The area was also a destination for slaves escaping the U.S. via the Underground Railroad in the mid-19th century, and for freed slaves during and after the American Civil War. In the 1870s a church was built along Dunn Road by many pioneering blacks, and it was named Zion African Methodist Episcopal (AME) Church. The church's cemetery still stands today on the western edge of the Road. Colchester was also the birthplace and hometown of railroad engineer and inventor Elijah McCoy, whose work was granted 45 patents in the US.

Today, in addition to its many lakeside cottages, Colchester is home to several hundred year-round residents who have converted older homes and built new ones. Restaurants, a public beach, and a marina have been an important part of Colchester for some years now. The population is approximately 900.
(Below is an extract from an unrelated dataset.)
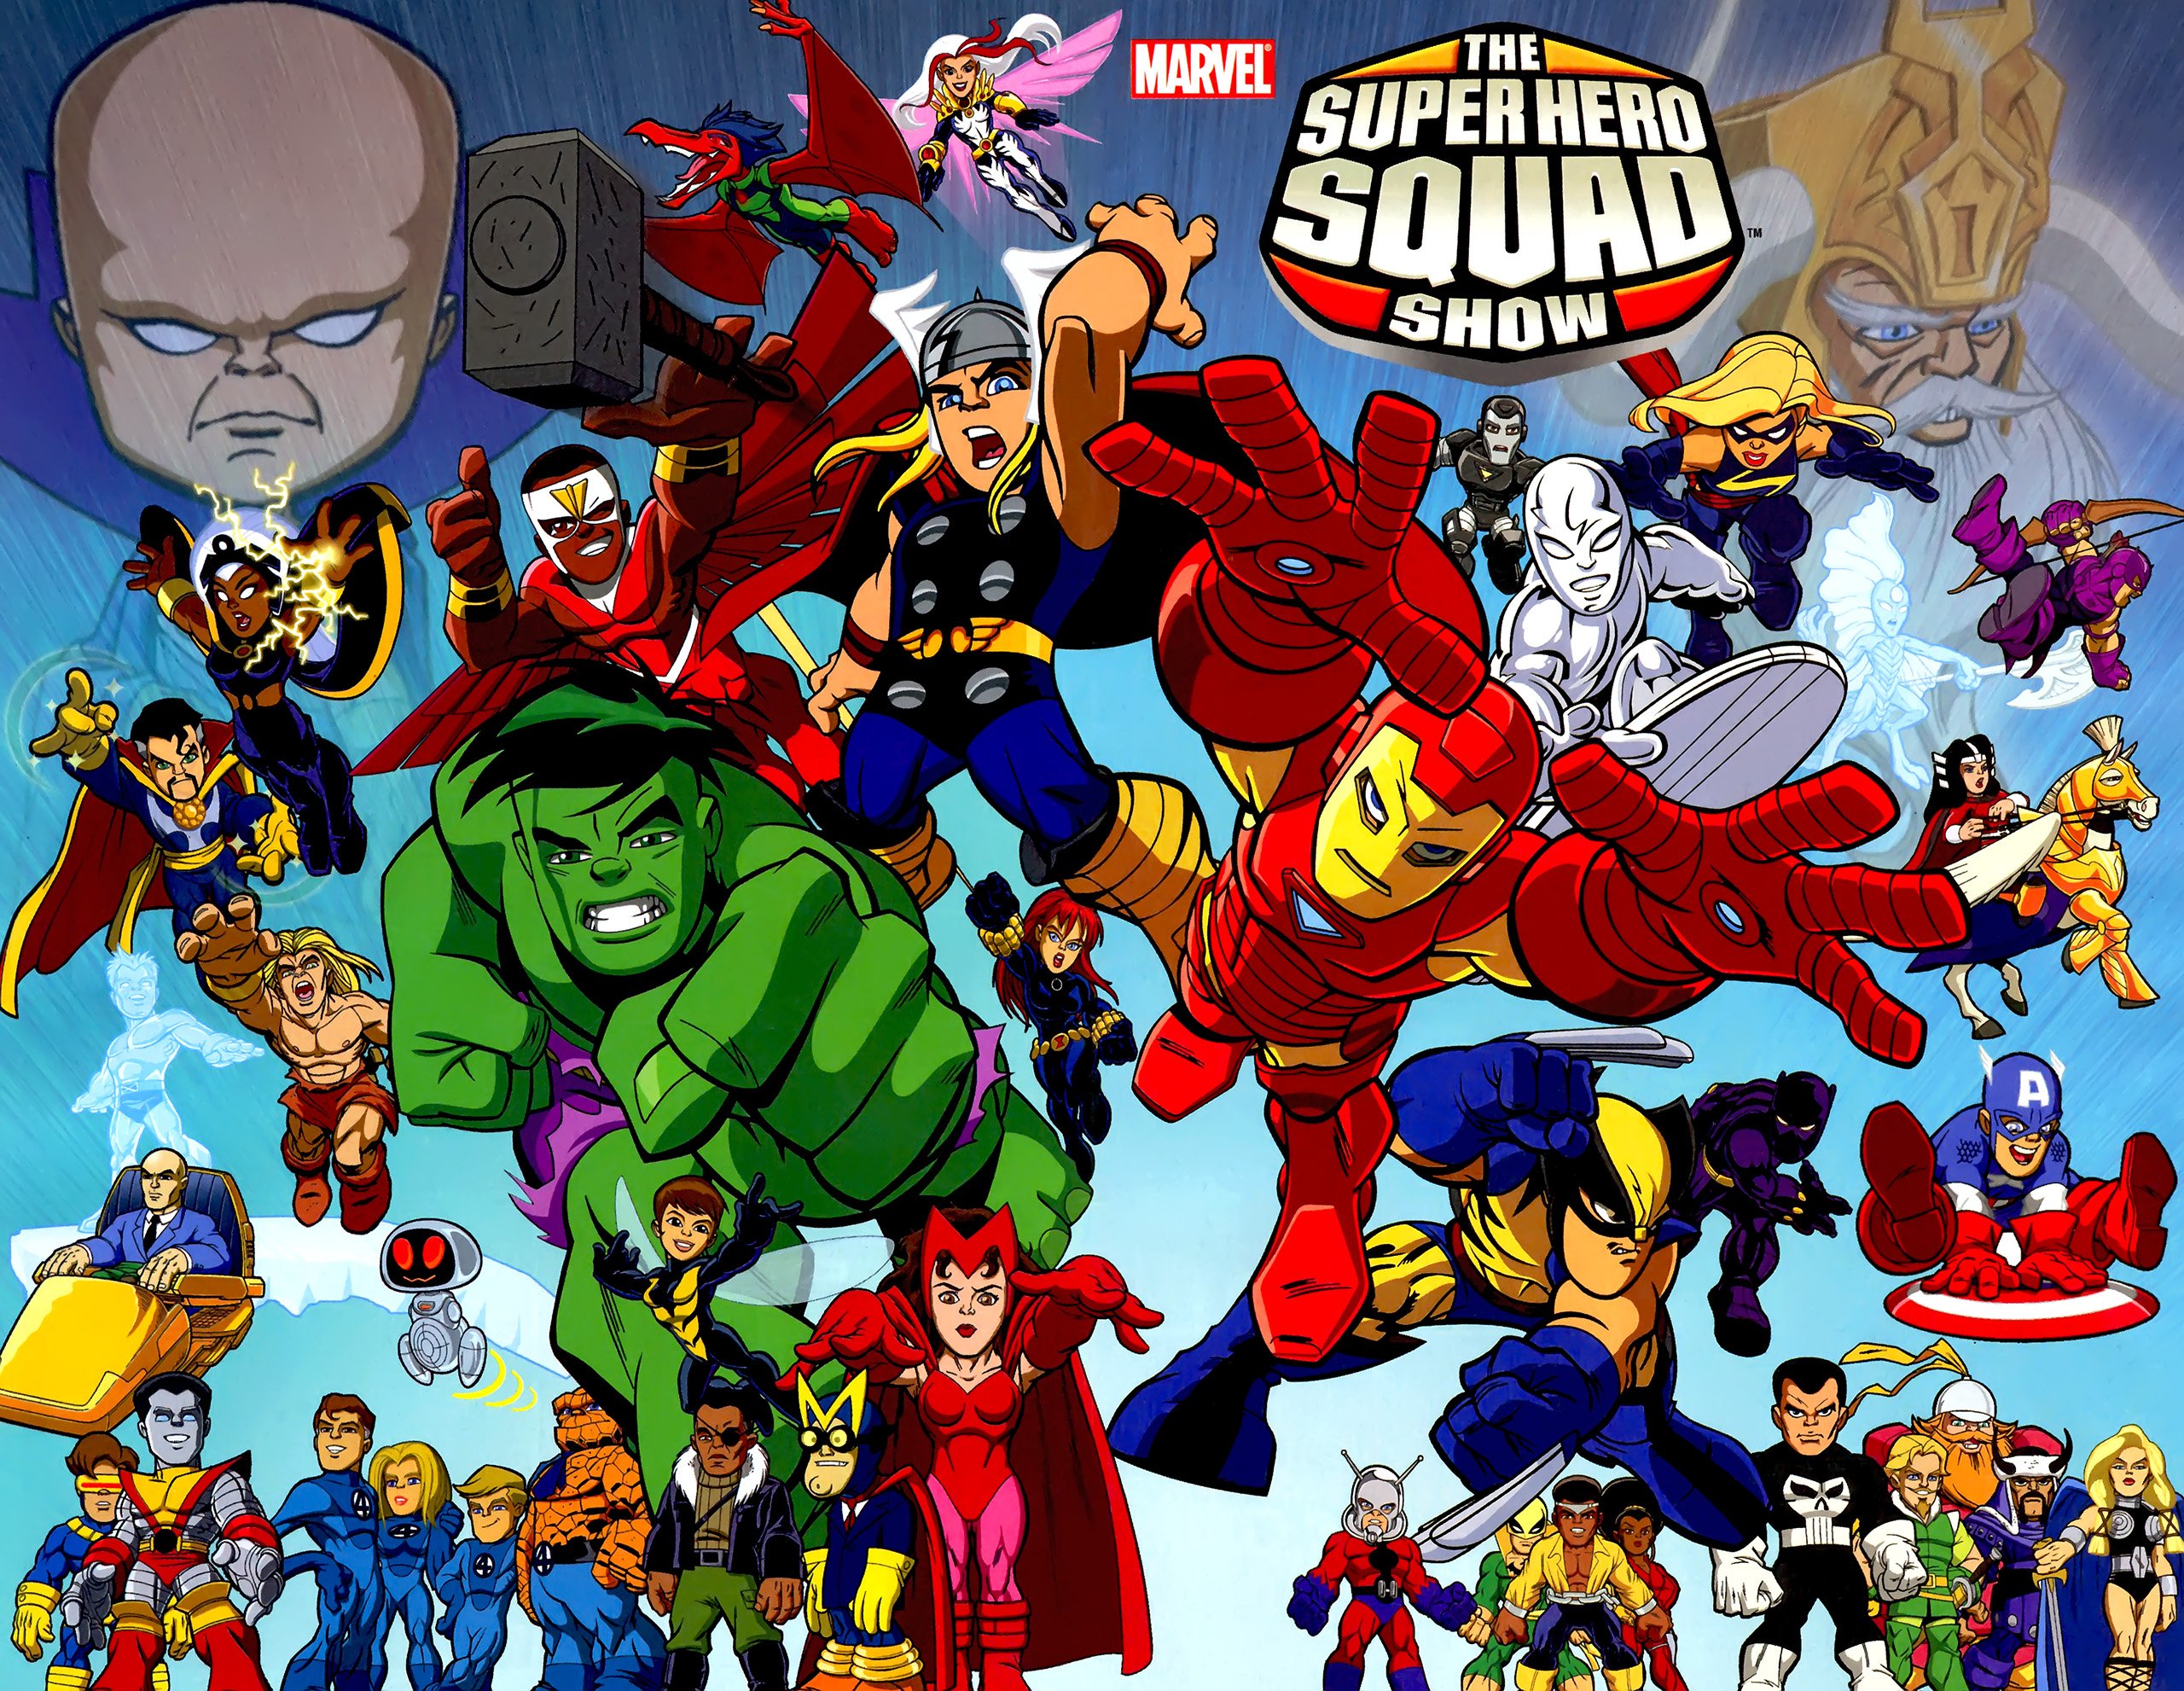 The Super Hero Squad Show Hd Wallpaper Background Image 2560x1982

Colchester lies along the southernmost road on mainland Canada, County Road 50, and has recently become a tourist destination because of the nearby wineries, the beach and harbour, and the scenery of the area. Every year, the village plays host to the "Colchester Villagefest" and "Explore the Shore", which are aimed at attracting visitors to the venues and attractions along the historic lakefront road. The village is also home to Christ Church Colchester (Anglican) which has a long history dating back to the beginnings of Colchester as a settlement.